▶ [What you have to do]: Repeat the listing that follows exactly. Pictures are not part of the copy.

▶ [The data]:

%%

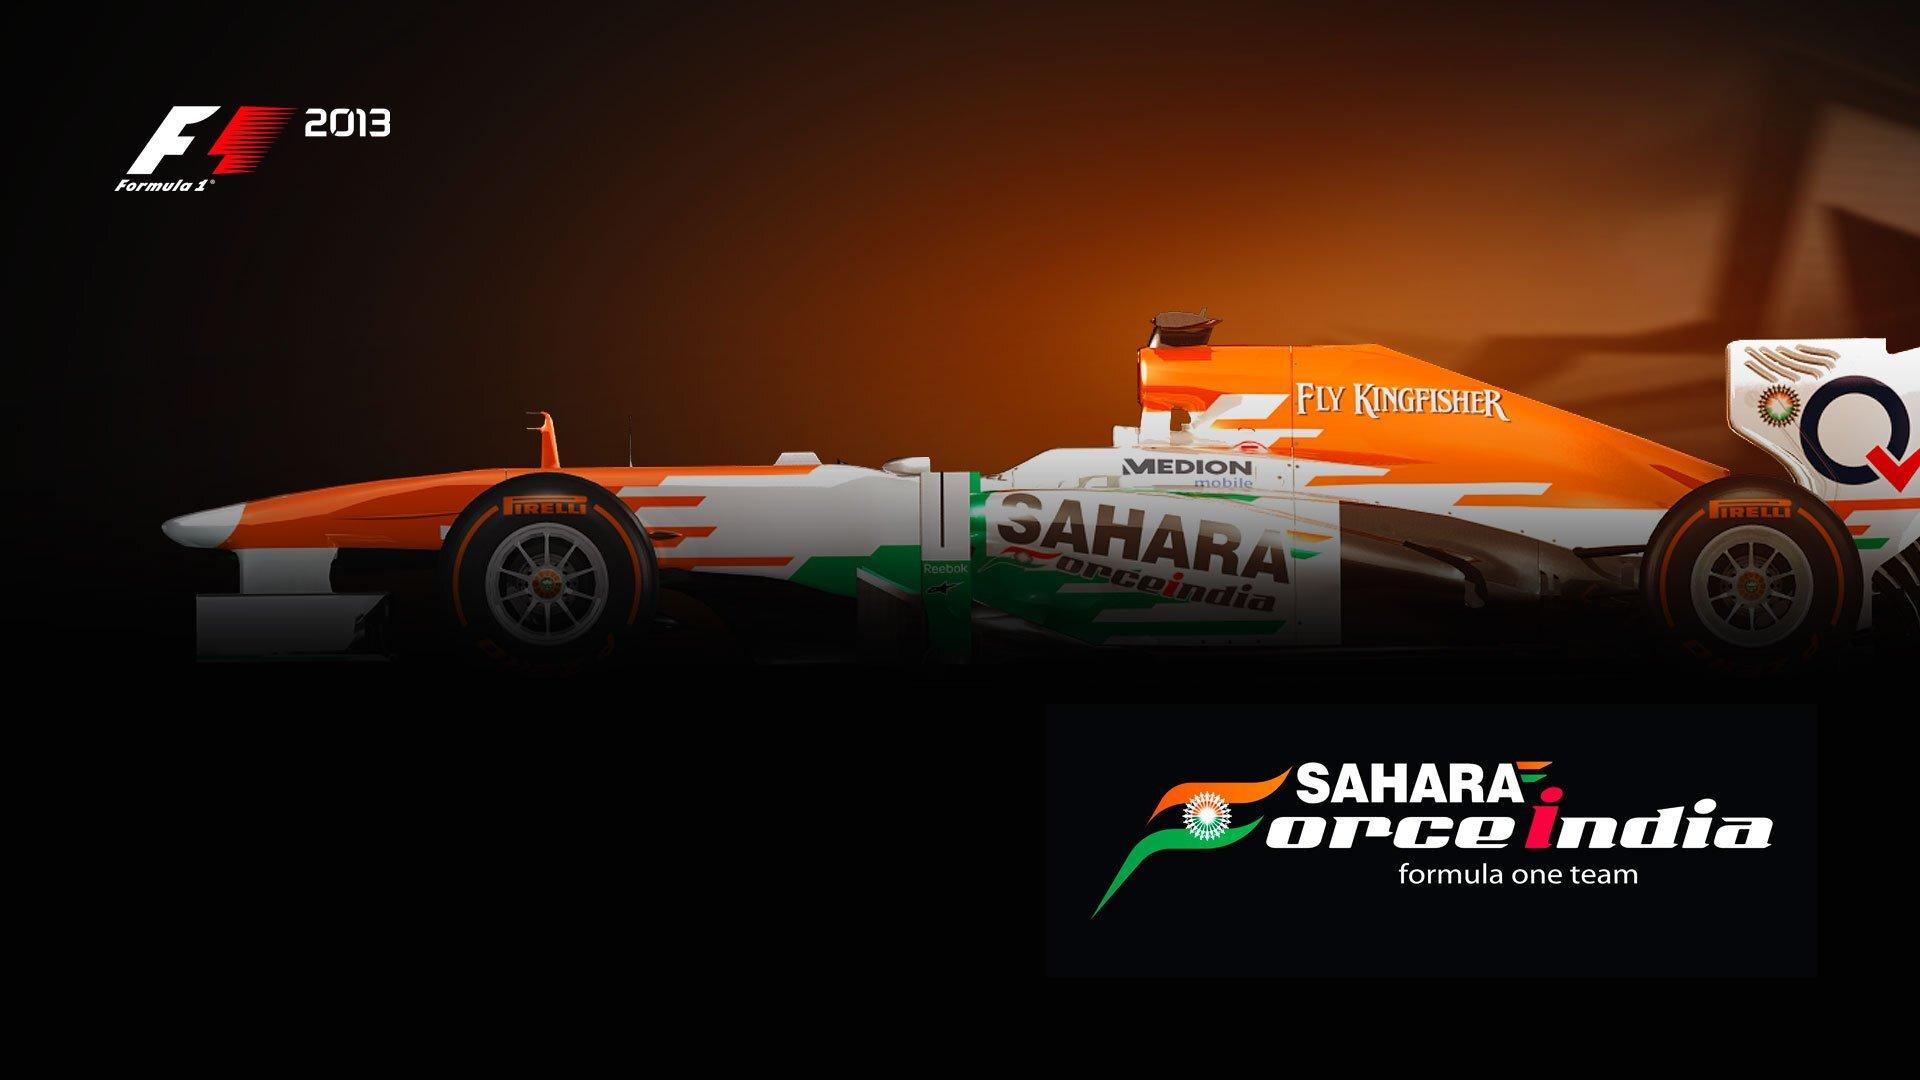 1920x1080 India F1 Team Laptop Full Hd 1080p Hd 4k Wallpapers
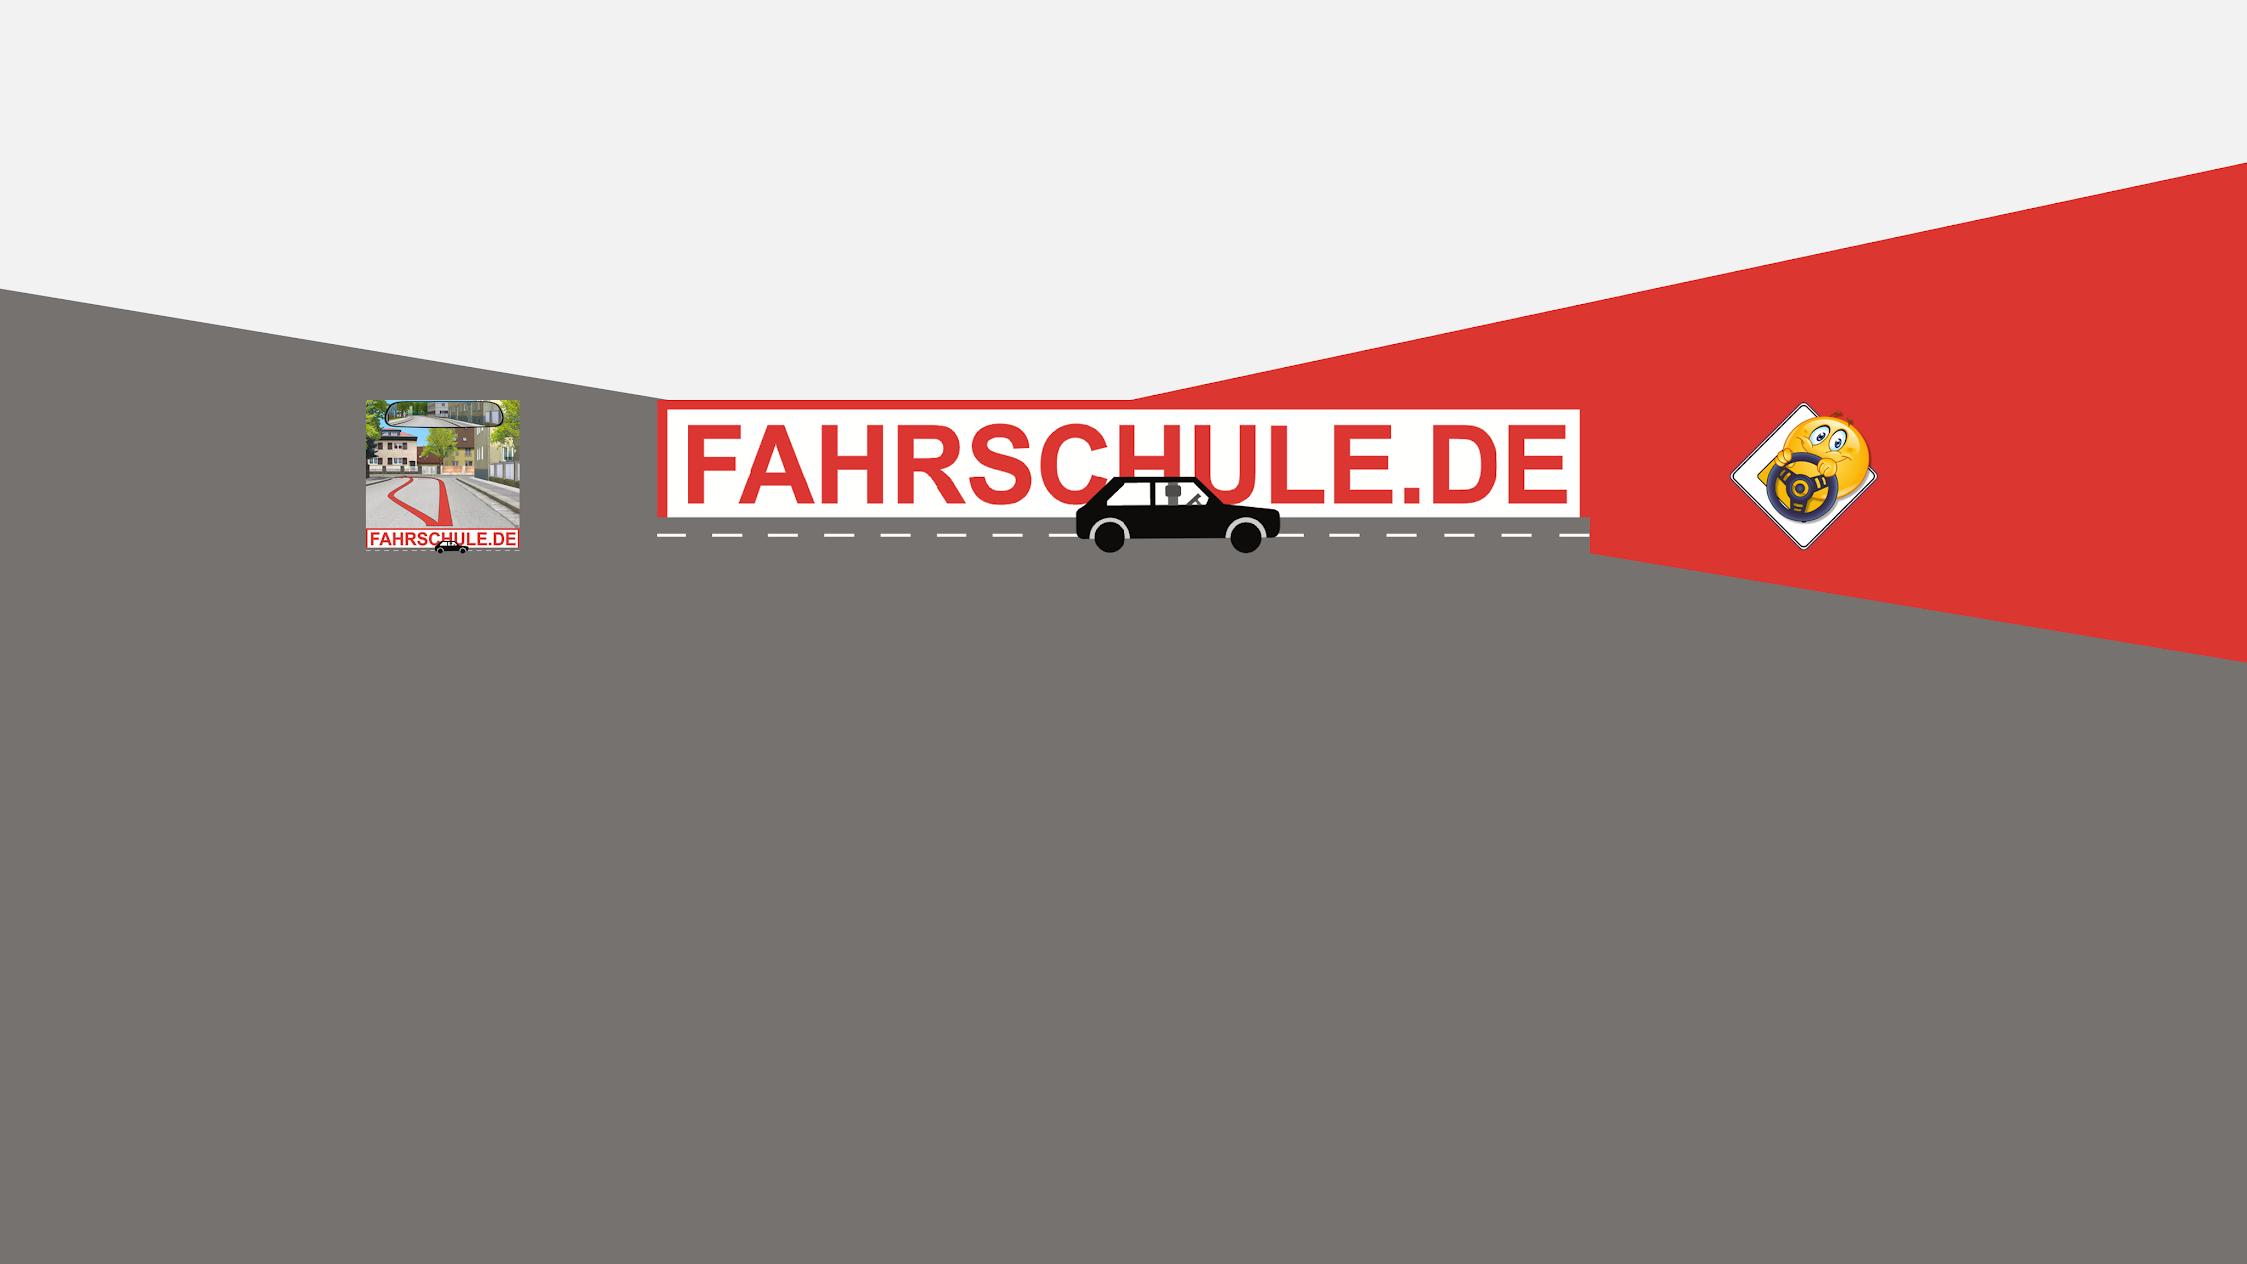 Fahrschule.de Internetdienste GmbH
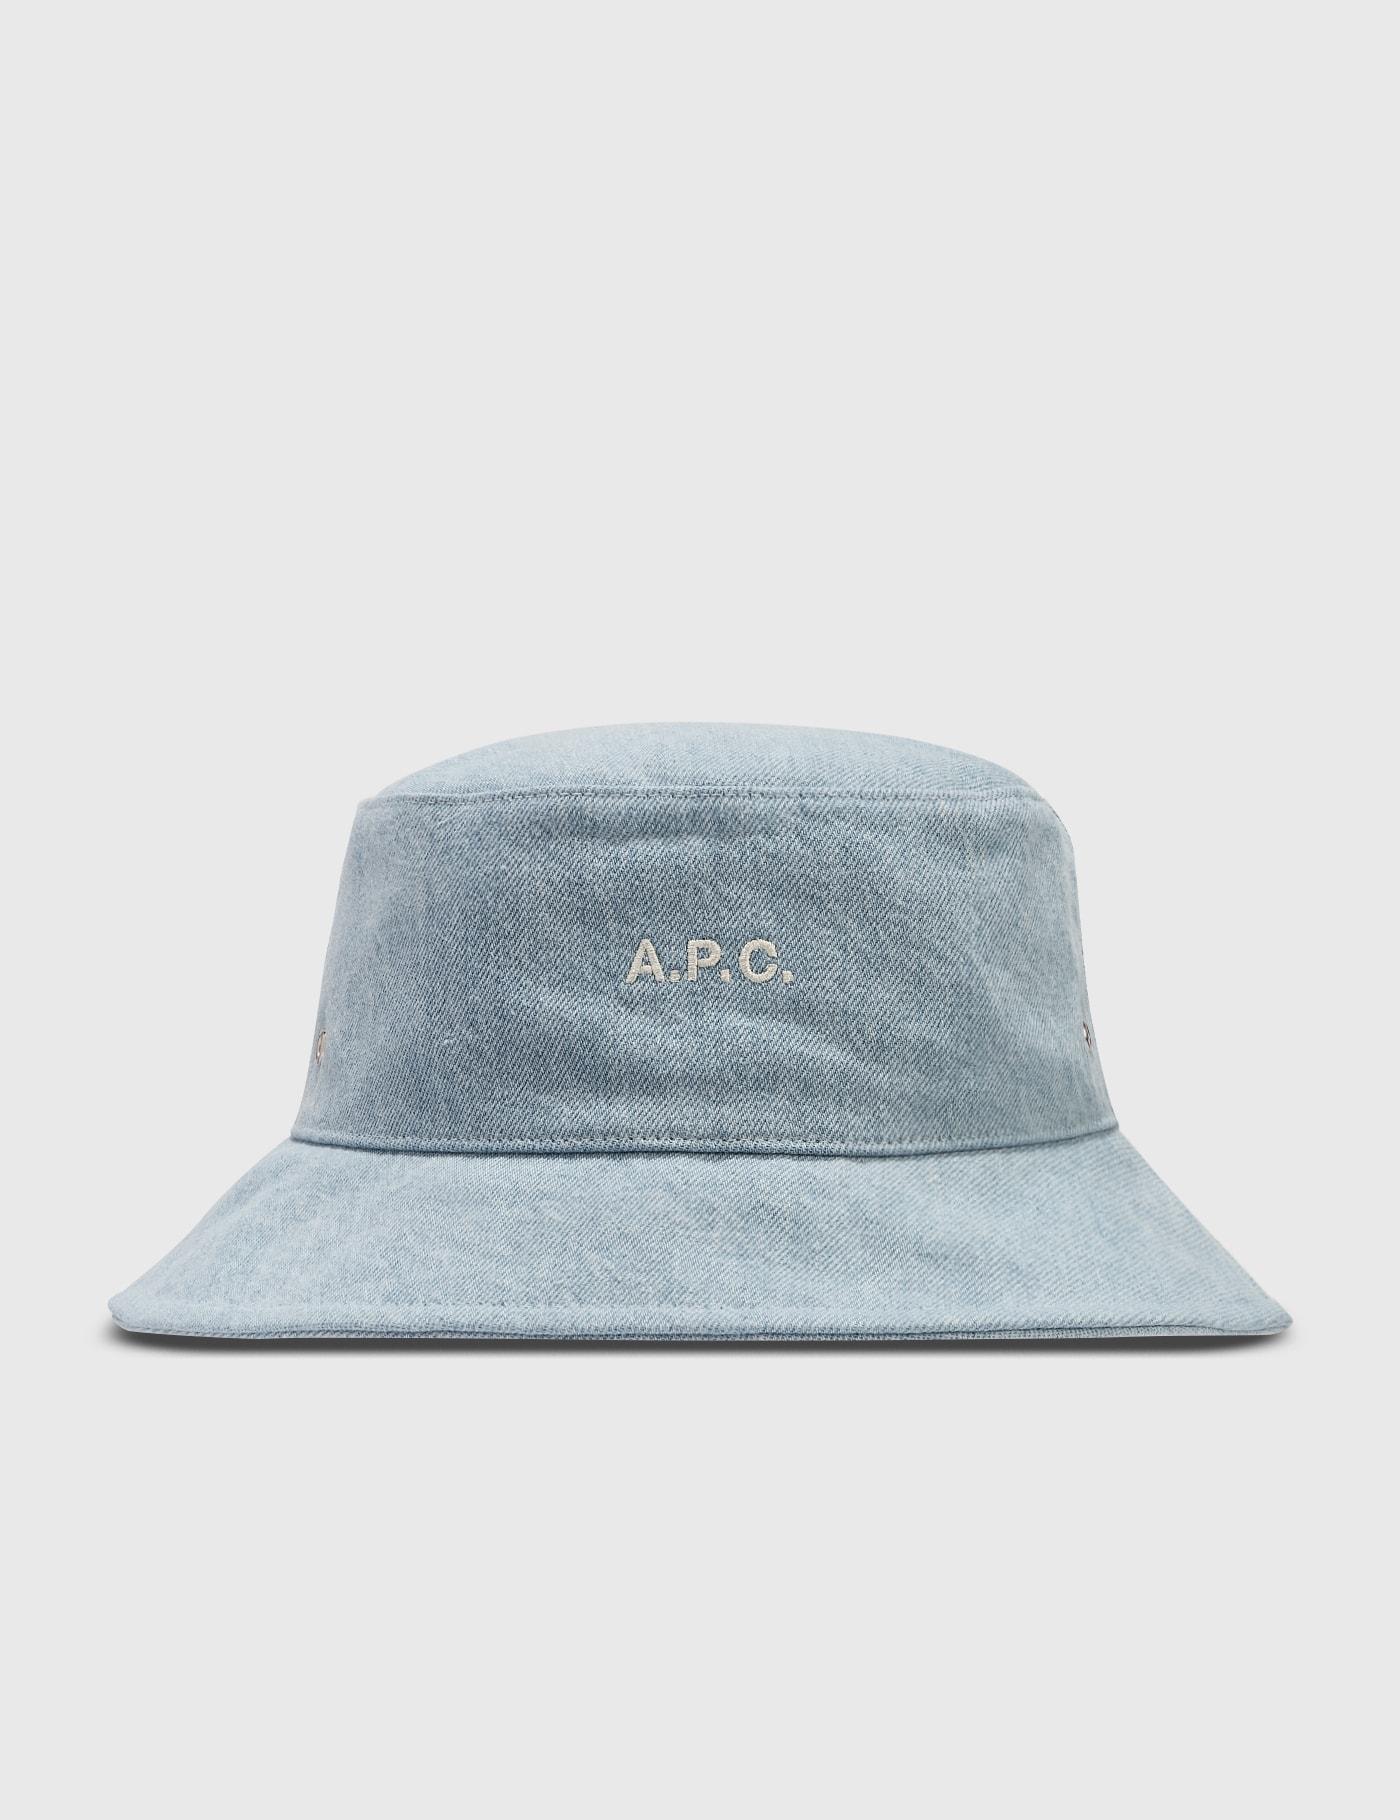 A.p.c. Hats ALEX BUCKET HAT

%%

▶ [Answer for the task]:
 1920x1080 India F1 Team Laptop Full Hd 1080p Hd 4k Wallpapers
 Fahrschule.de Internetdienste GmbH
 A.p.c. Hats ALEX BUCKET HAT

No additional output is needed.